American ultralight aircraft

The Mitchell Wing B-10 is an American high-wing, open cockpit, single-seat, tailless, ultralight aircraft and motor glider designed by Don Mitchell and based on his Mitchell Wing hang-glider. It has been produced by a variety of companies in the form of kits and plans for amateur construction. It first flew in 1980.

In 2012 the aircraft was still available in the form of plans and some materials, offered by US Pacific of Fresno, California.

==Design and development==
The Mitchell Wing started off as a foot-launched hang glider with good soaring performance. Mitchell later modified the design into a powered ultralight aircraft with wheeled tricycle landing gear, known as the B-10. The B-10F is a foot-launched variant with only two wheels. The B-10 was designed to comply with the US FAR 103 Ultralight Vehicles rules, including the category's maximum empty weight of 254 lb.

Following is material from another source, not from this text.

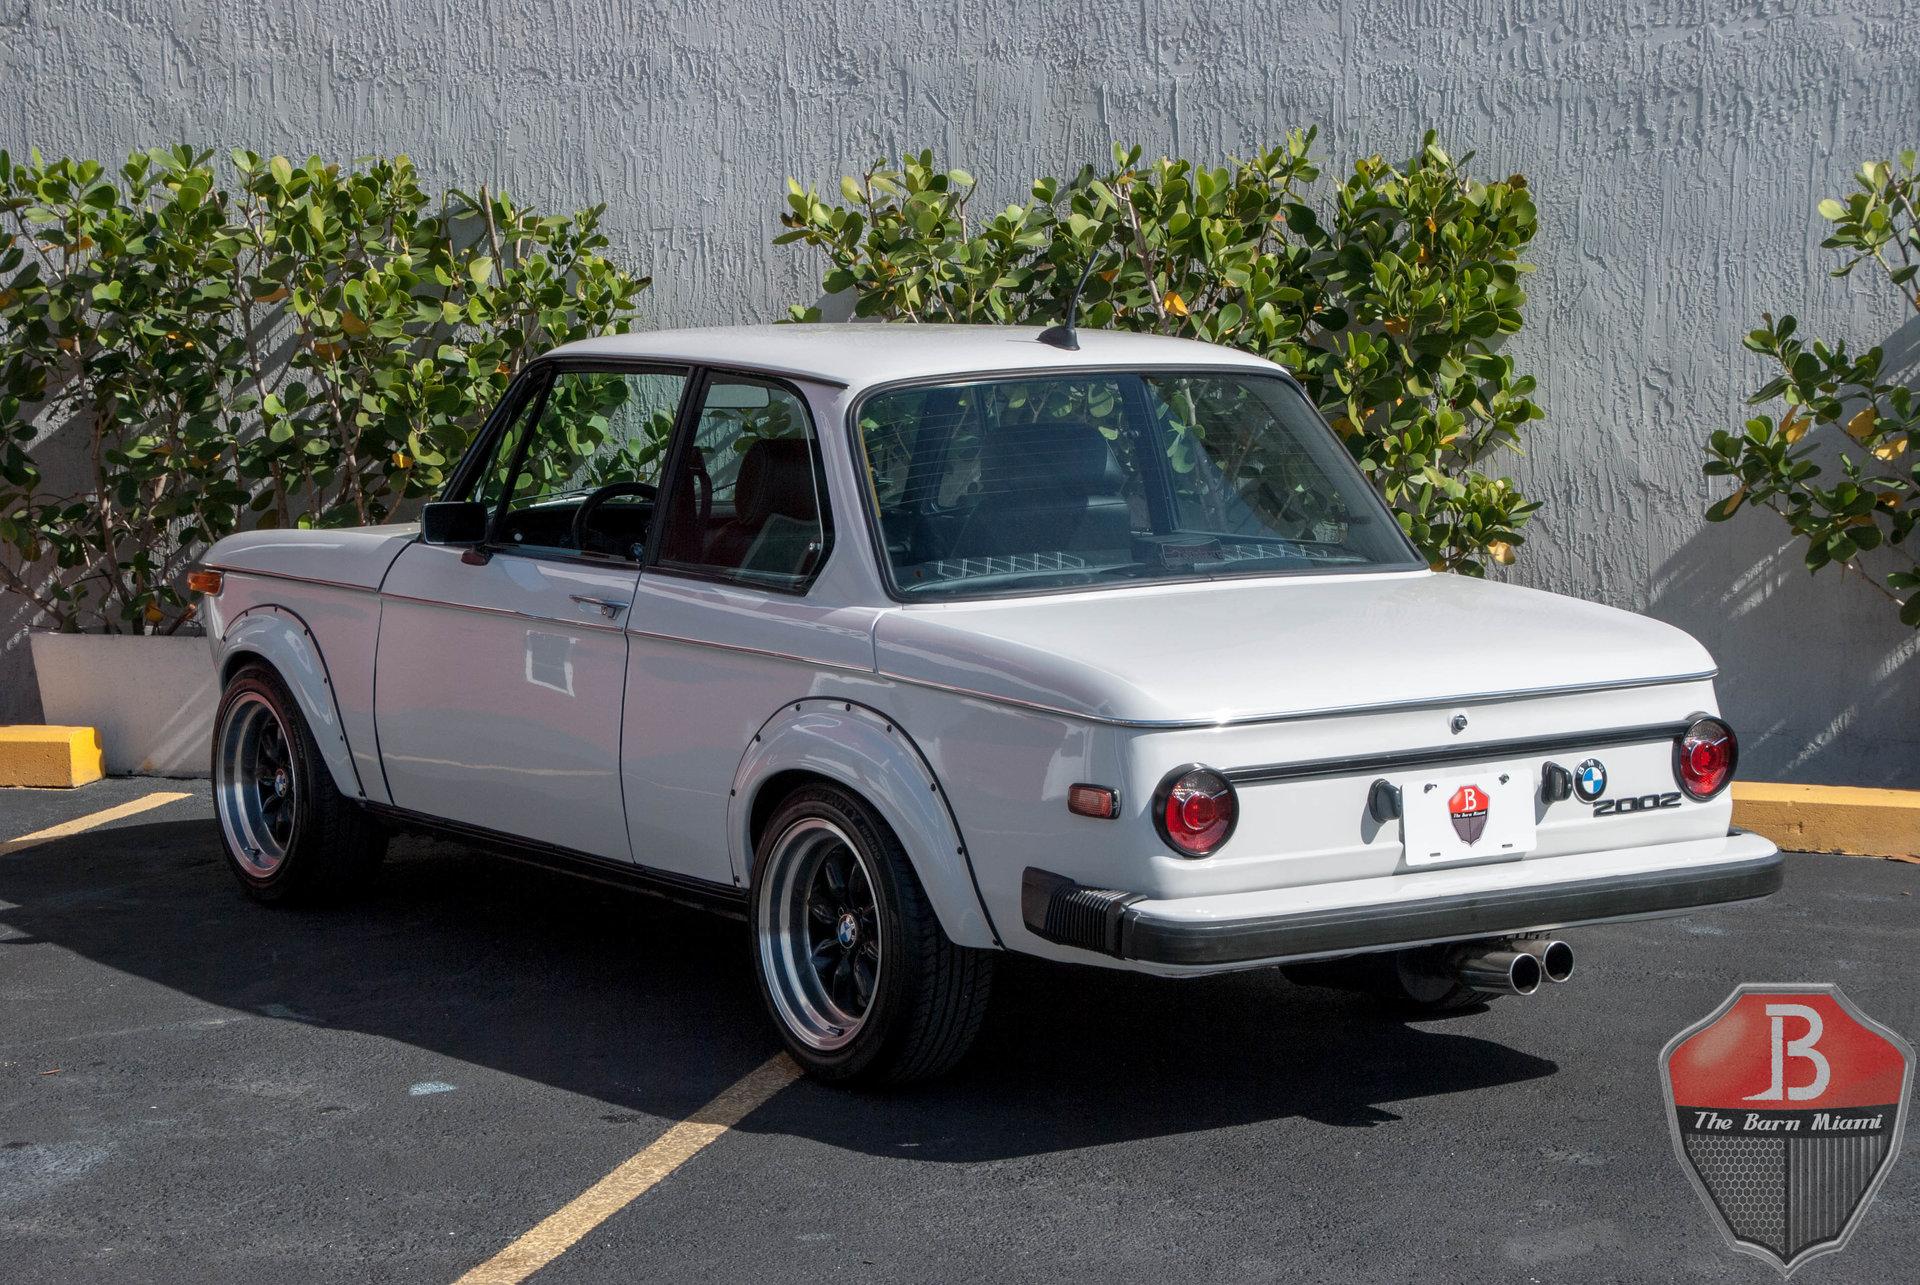 1973 BMW 2002 Alpina Turbo Look for sale #78238   MCG

The aircraft has a standard empty weight of 245 lb.

The B-10's fuselage is made from aluminum tubing while the wing has a birch plywood D-cell leading edge and foam ribs, covered with Dacron sailcloth or doped aircraft fabric. The tailless wing is common to all three variants. It is of tapered and lightly swept form, employing a NACA 23015 airfoil. It has a span of 36 ft span wing, area of 136 sqft, aspect ratio of 8:1. The 8.5 ft outboard wing panels have 6 degrees of dihedral and the wing overall has 12 degrees of sweep. The controls are conventional three axis, comprising trailing elevons and wing tip mounted vertical rudders, and operated via a top-mounted centre stick.

Power is provided by a single engine in pusher configuration, mounted behind the pilot's seat. Small engines in the 20 to 30 hp range can be used: The prototype was fitted with a 12 hp McCulloch MC101, with Chrysler West Bend and McCulloch two-strokes being recommended. and the Zenoah G-25 of 22 hp has been fitted.

Construction time for the supplied plans is estimated at 500 hours.

The B-10 can be quickly disassembled for ground transport or storage. The outer wing panels fold or can be removed, the fuselage cage is detachable and the tip rudders are quickly removed.

The B-10 was subsequently developed into the A-10 and two-seat T-10 and the mid-wing Mitchell U-2 Superwing.